Munna stood pointlessly, taken aback from by his caretaker’s passionate words.
A teakettle screamed from inside and a spew of steam rang out from it. Munna shook, frightened by the sudden noise. Giridhar too stood shocked, unable to move or speak, “I...I...”, he tried. The intensity of the moment shattered, Munna giggled at the sudden wordlessness that had gripped his father-figure. Giridhar gave in and they both sat laughing by the steps of the shop.
“Come tomorrow, we go to Worli.” Giridhar said mixing the decoction with the hot boiling milk. He drew the tea high above his head and let it spill from the top. He collected the flowing tea in another cup that was below by his waist, Munna’s tired body longed for a sip of that delicious hot tea.
“What’s in Worli?” Munna savoured the fantastic flavour of the tea in which everything was in just the right proportion.
“A camp.
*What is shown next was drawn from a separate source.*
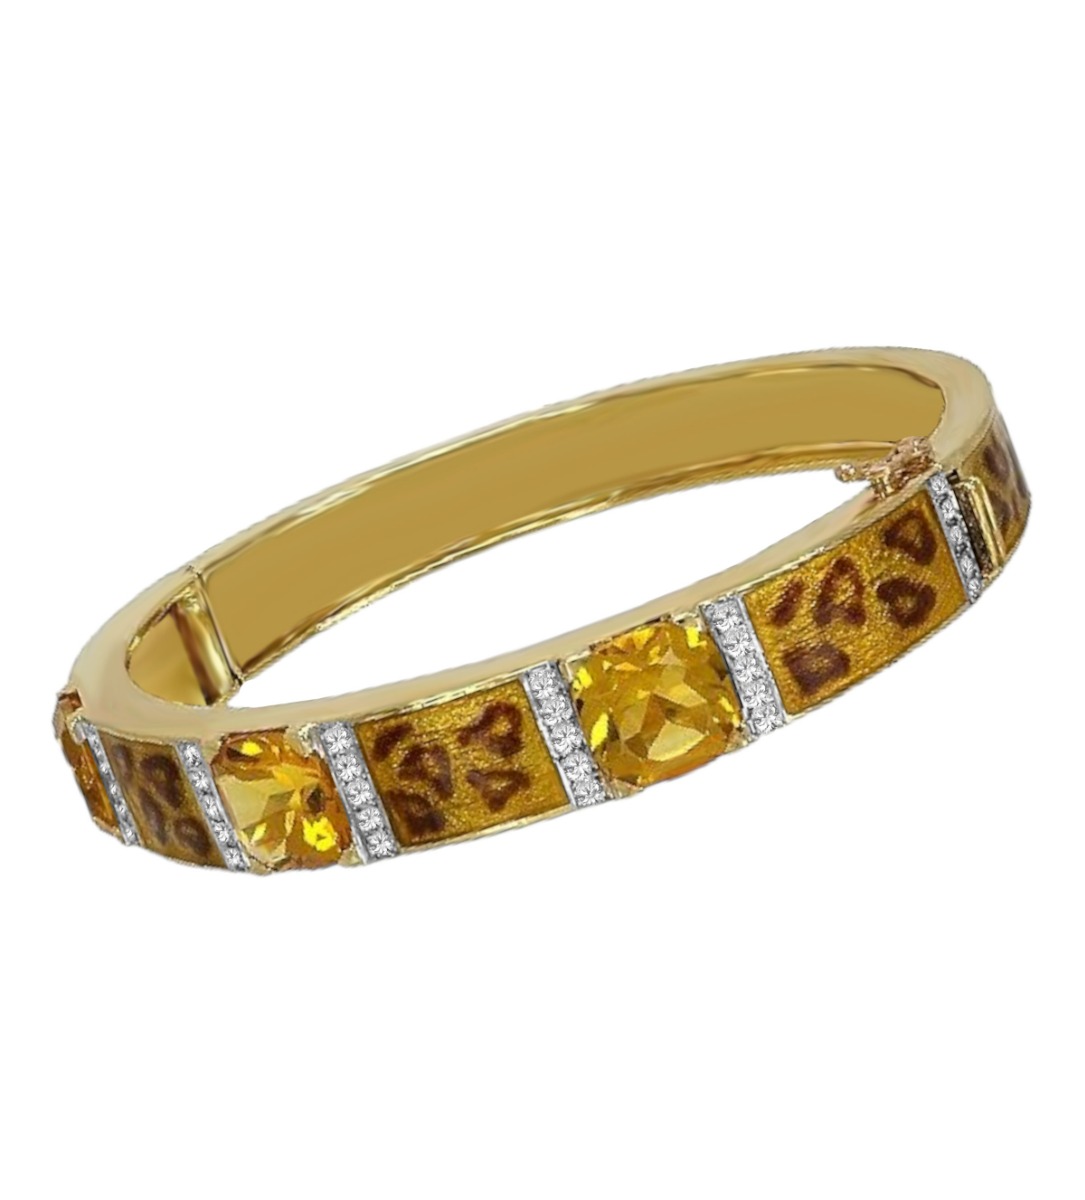 pulsera de oro citrinos y diamantes con esmalte a fuego piel de jaguar foto en plano 111_JAGUAR-PUL_01
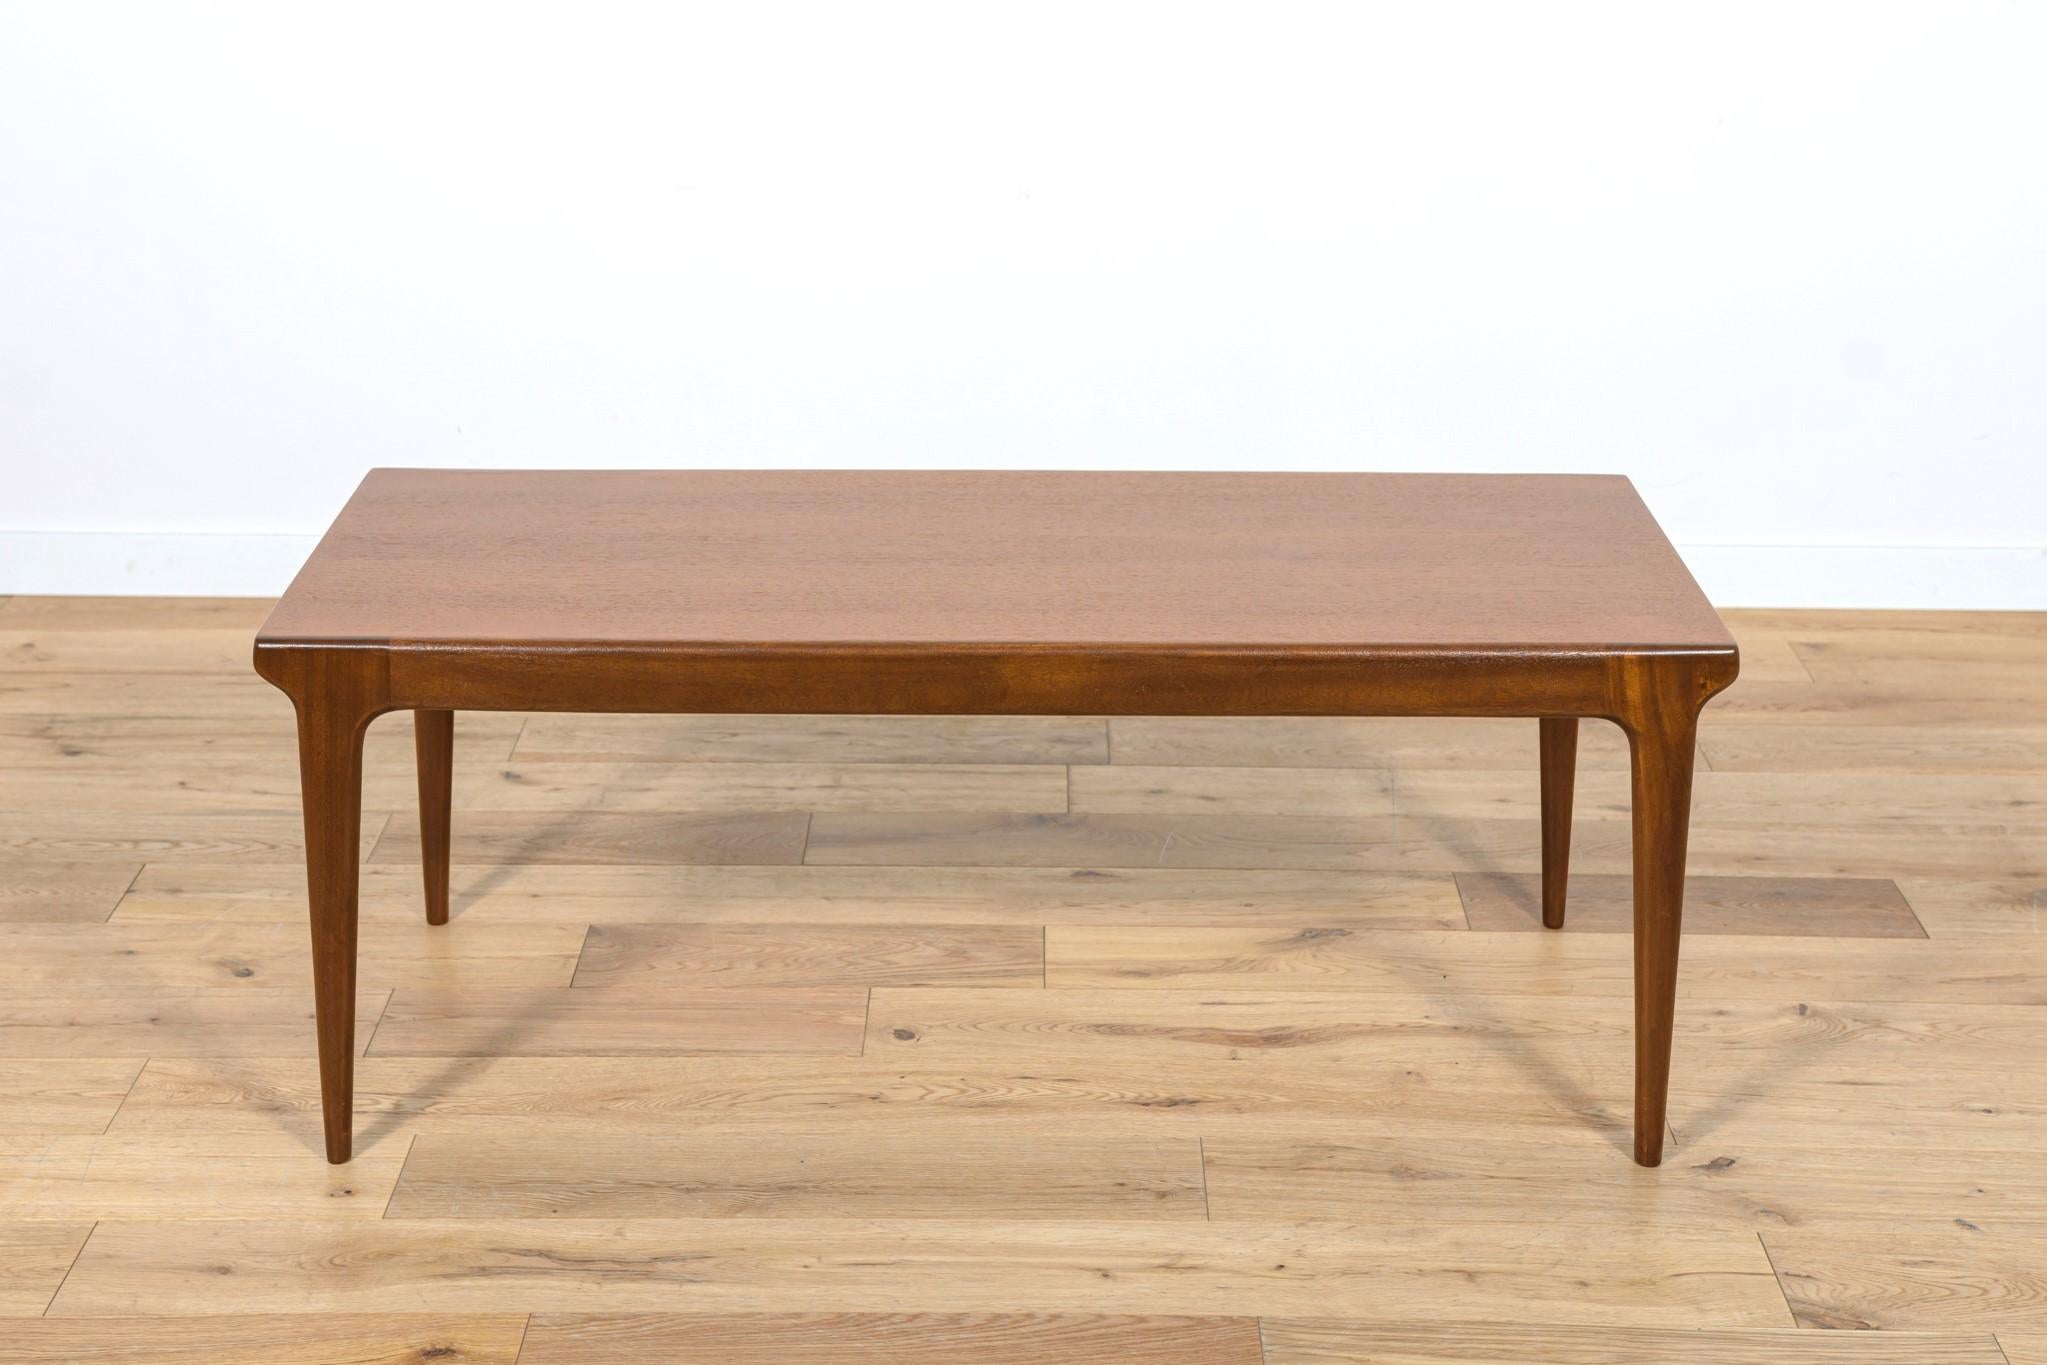 Cette table basse en teck a été fabriquée par Younger Ltd. dans les années 1960 en Grande-Bretagne. Une table en teck à la forme légère et sublime et à la haute facture de menuiserie. La table a été entièrement rénovée. Les éléments en teck ont été

A big one. We are going to have to prove everyone wrong, don’t we?”
“That is a long way off, Dada!”
“Not so long away, my dear boy. You will be serving tea tomorrow not just delivering it. And serving it to real dignitaries...” Giridhar’s twinkling eyes shone like as though he was still in his youth.
“Haa haa! You na dada, can tell some real funny jokes.” Munna was through half the glass of tea already.
“Munna Deshpande! How dare you?! By the way, we will have to do something about your name. It doesn’t sound....ummm grand enough.”
Laughter rang out from ‘Kwality Tea Shop’ like it had never rang before. A passer-by paused before it and wondered what the joke might be. He entered anyway to savour the delectable flavours emanating from it. “One strong cup of chai,” he ordered.
“Coming right up, Sir!” Munna ran in with a tray in his hand and a smile on his face.